А там наст под ногами скрипел громче, чем колесо дхармы…

Однажды, когда мы поужинали жареным мясом и выпили спирта — и водки выпили, закусив иссохшей каменной колбасой, а после прикончили, под настроение, коньяк, — Андрюха снова вернулся к страшным туристским преданиям. Теперь это были повести о том, как группы замерзали на перевалах, об убийственных каверзах снега, способного без видимой причины, но в силу каких-то внутренних своих напряжений сдвигаться, переползать десятками тонн, накрывая палатки, люди в которых погибали от удушья, не успев прокопать выход; о титанических лавинах, сметающих все и вся у себя на пути, — и о чудесных случаях, что захваченные смертоносной волной и даже упавшие вместе с ней в пропасть оставались целы и невредимы. О некоем отважном человеке, морозной и вьюжной ночью спустившемся в поселок за помощью почему-то — забыл почему — в одном ботинке; он лишился отмороженной стопы, но спас жизнь раненому товарищу… В рассмотрении формы, по крайней мере — вполне реалистичные истории.

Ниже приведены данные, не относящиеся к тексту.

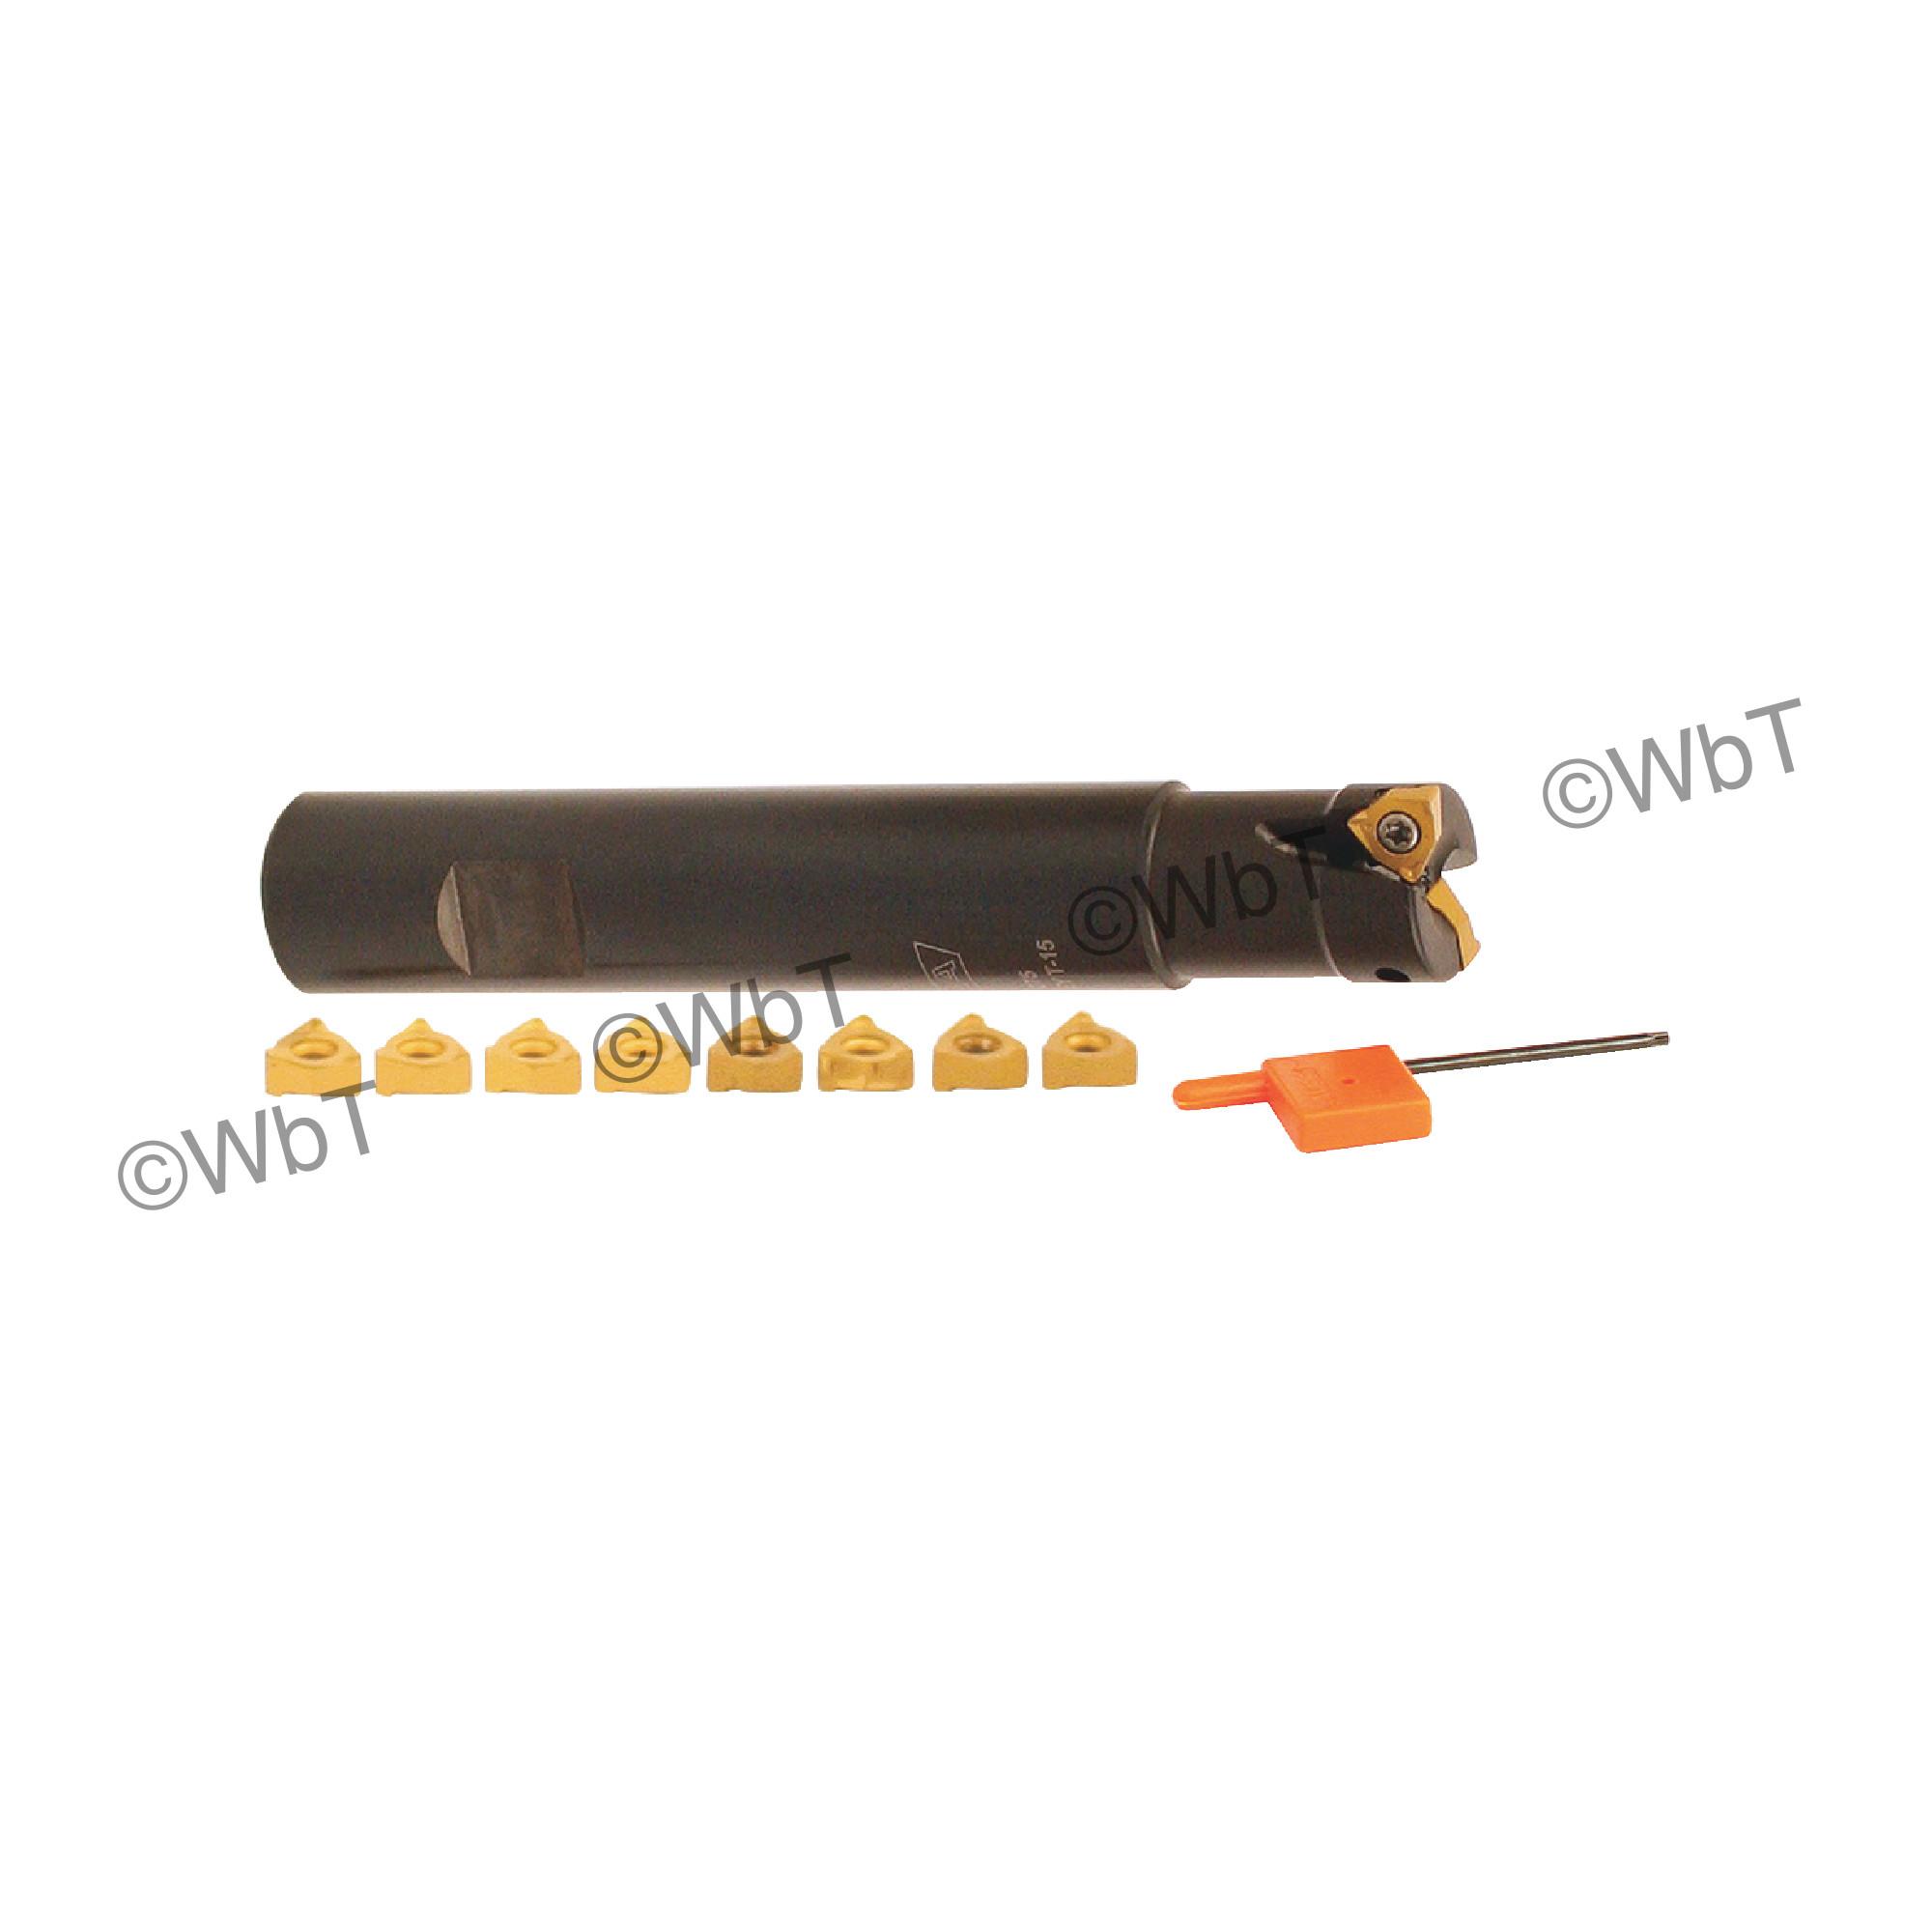 "AKUMA - 0.750"" End Mill Set with Inserts / Includes: (1) XNPS.22.075.R-S.075 (3/4"" ø) & (10) XNEX221R-M1 CM30P Co"

Но в нашей отъединенности запредельным холодком потягивало бы и от тургеневской «Первой любви». И едва потушили лучину — стали мерещиться, сквозь привычное потрескивание углей в печке, то явственные шаги за стеной, в соседнем блоке, то вкрадчивое поскребывание в окно, то странные шорохи на крыше.

Мы, конечно, соревновались по этому поводу в остроумии. Хотя сердце замирало.

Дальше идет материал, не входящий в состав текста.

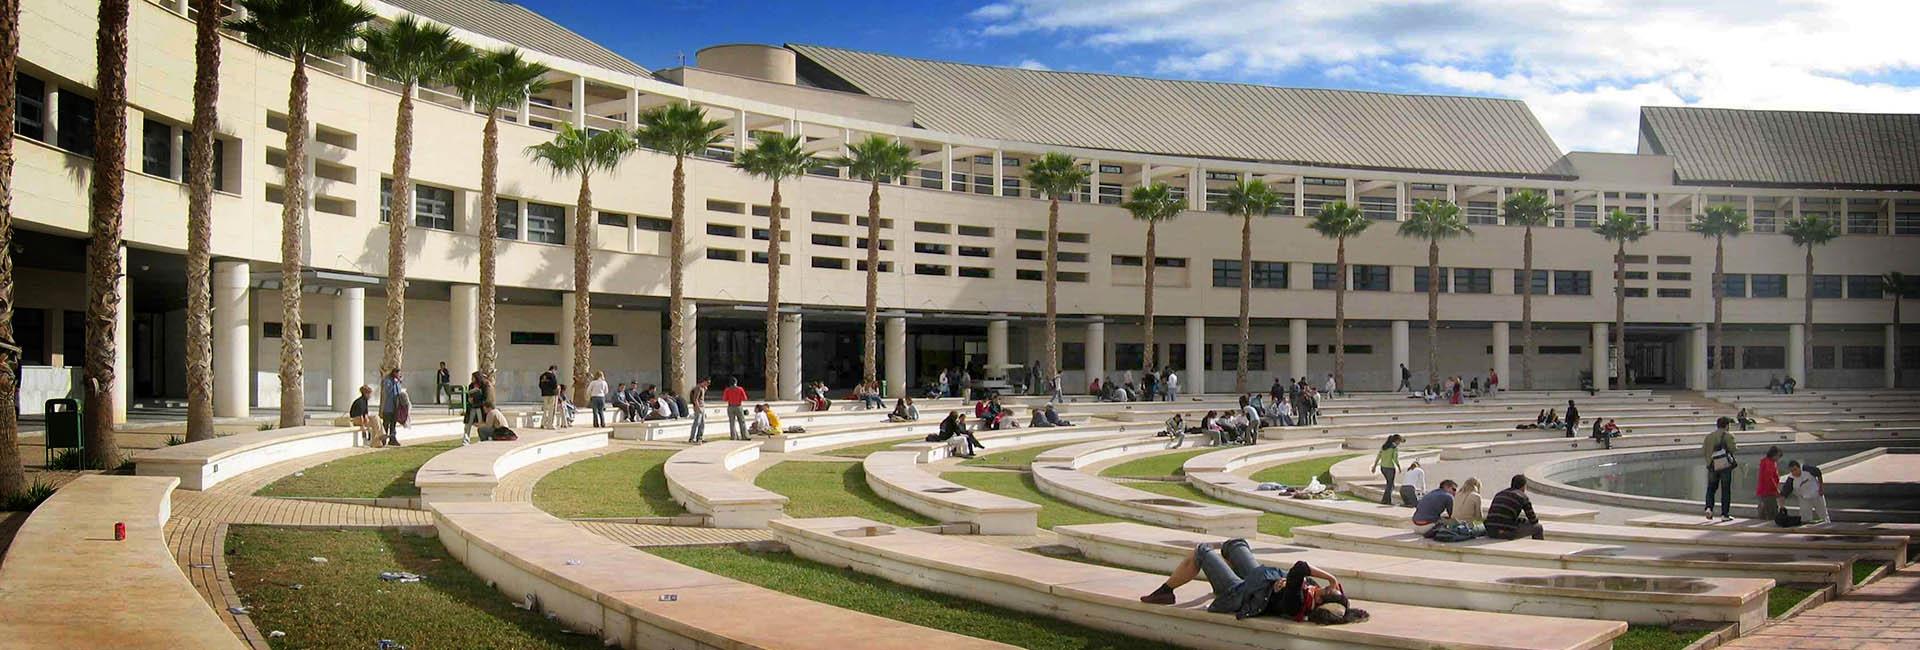 alicante-university

А потом, вроде бы издали, донесся до нас короткий тоскливый звук — не то женский крик, не то стон, не то вой.

Мы разом подскочили.

— Думаешь, человек? — спросил Андрюха.

— Может, дерево скрипит? Или какой-нибудь сыч…

Подождали — нет, молчание. Легли опять. С тихим гудением пролетела над нами одинокая сонная муха, неурочно воскресшая в тепле.

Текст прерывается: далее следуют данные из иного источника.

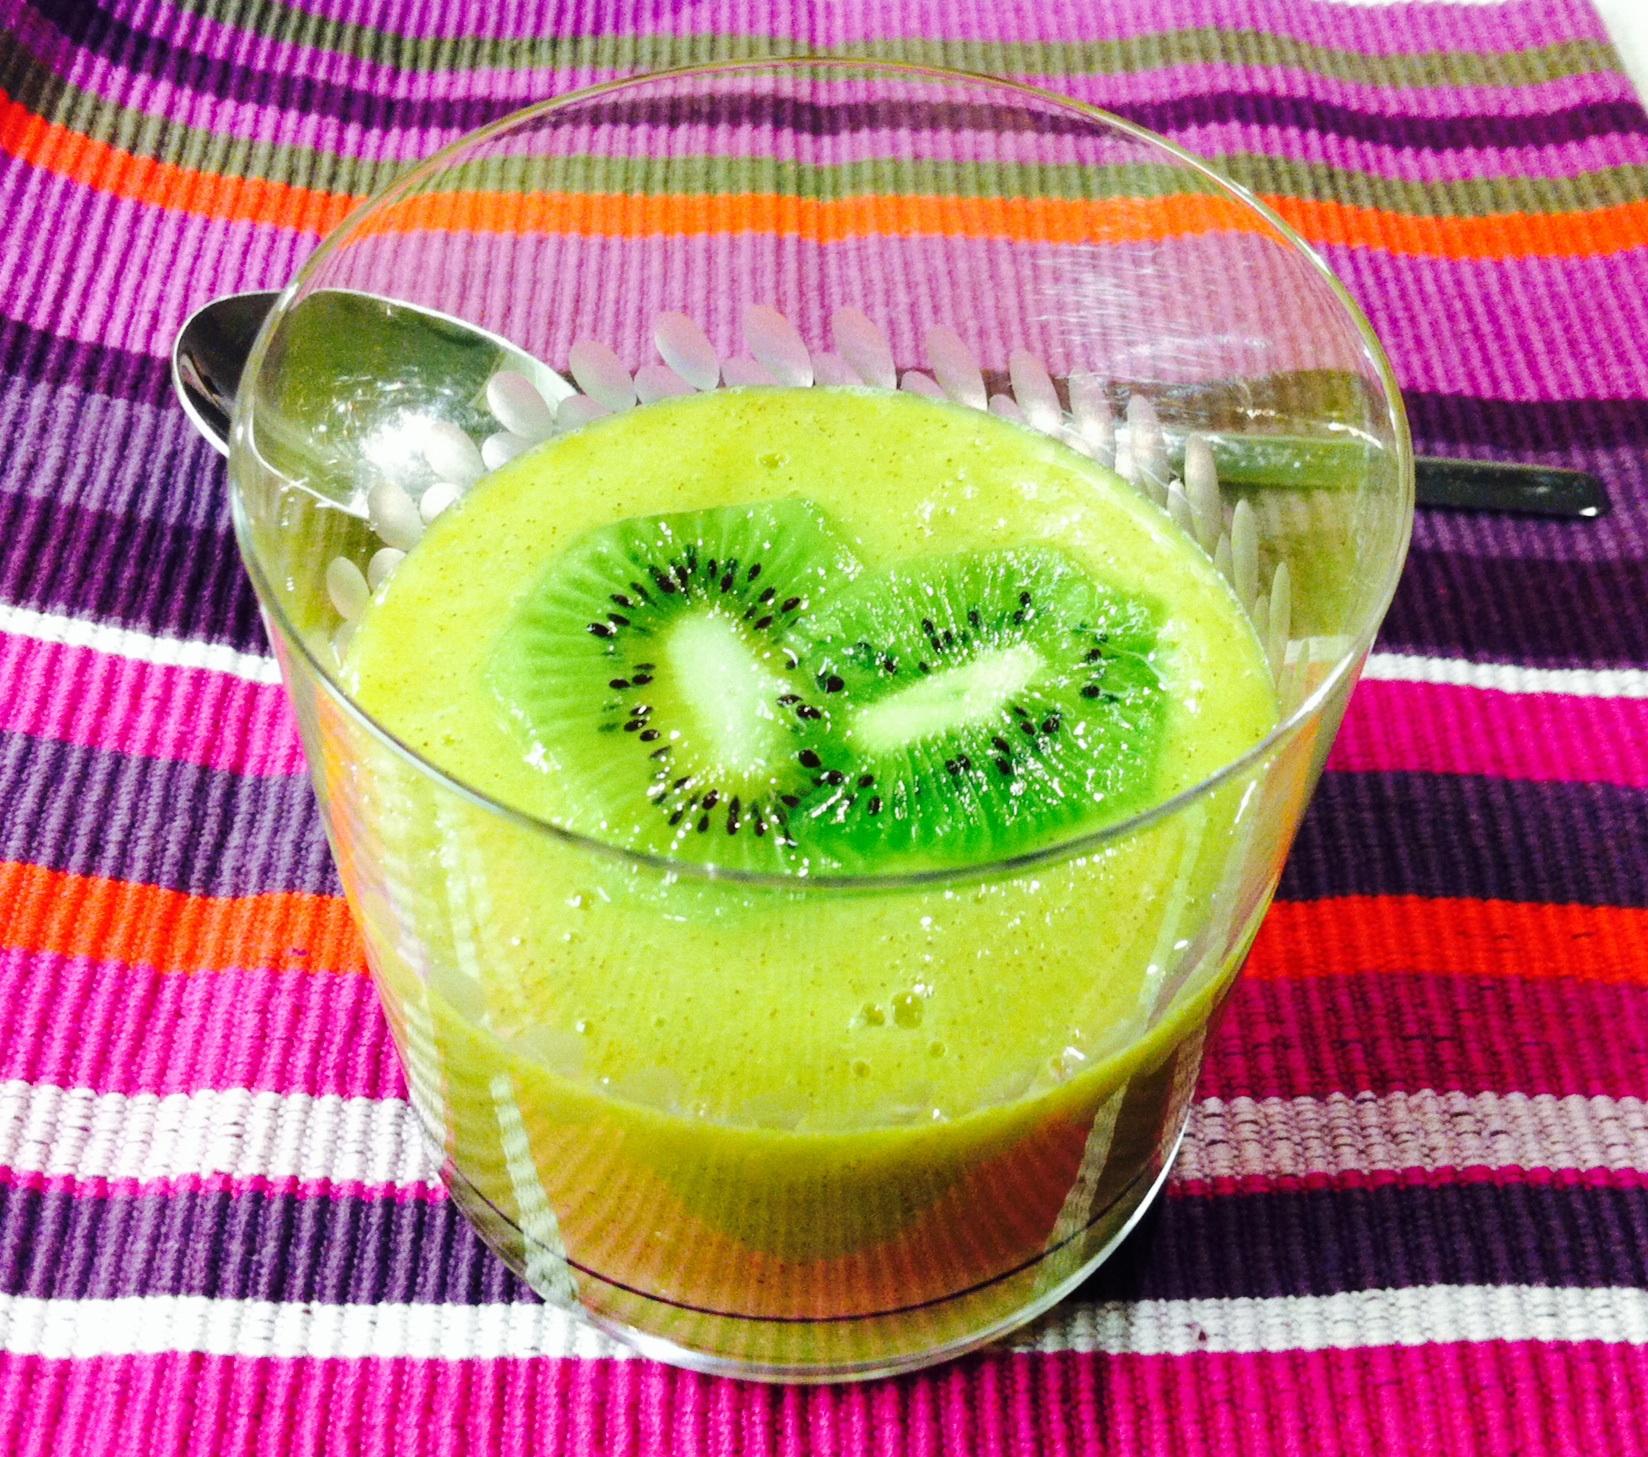 Smoothie de kiwi y jengibre

— Во! — сказал Андрюха и зевнул. — Зимние мухи — к покойнику…

И тут звук повторился. Теперь, казалось, ближе. Мы торопливо оделись и выбежали на улицу. На склоне горы, в той стороне, откуда, насколько мы могли определить, кричали, — никакого движения. Прямо над горой стояла полная луна, и даже неровности на снегу были нам отлично видны. Мы караулили, пока не начали замерзать. А после, все еще настороженные, не решаясь стягивать штаны и фуфайки, теснее жались на нарах друг к другу, с распахнутыми во мраке глазами.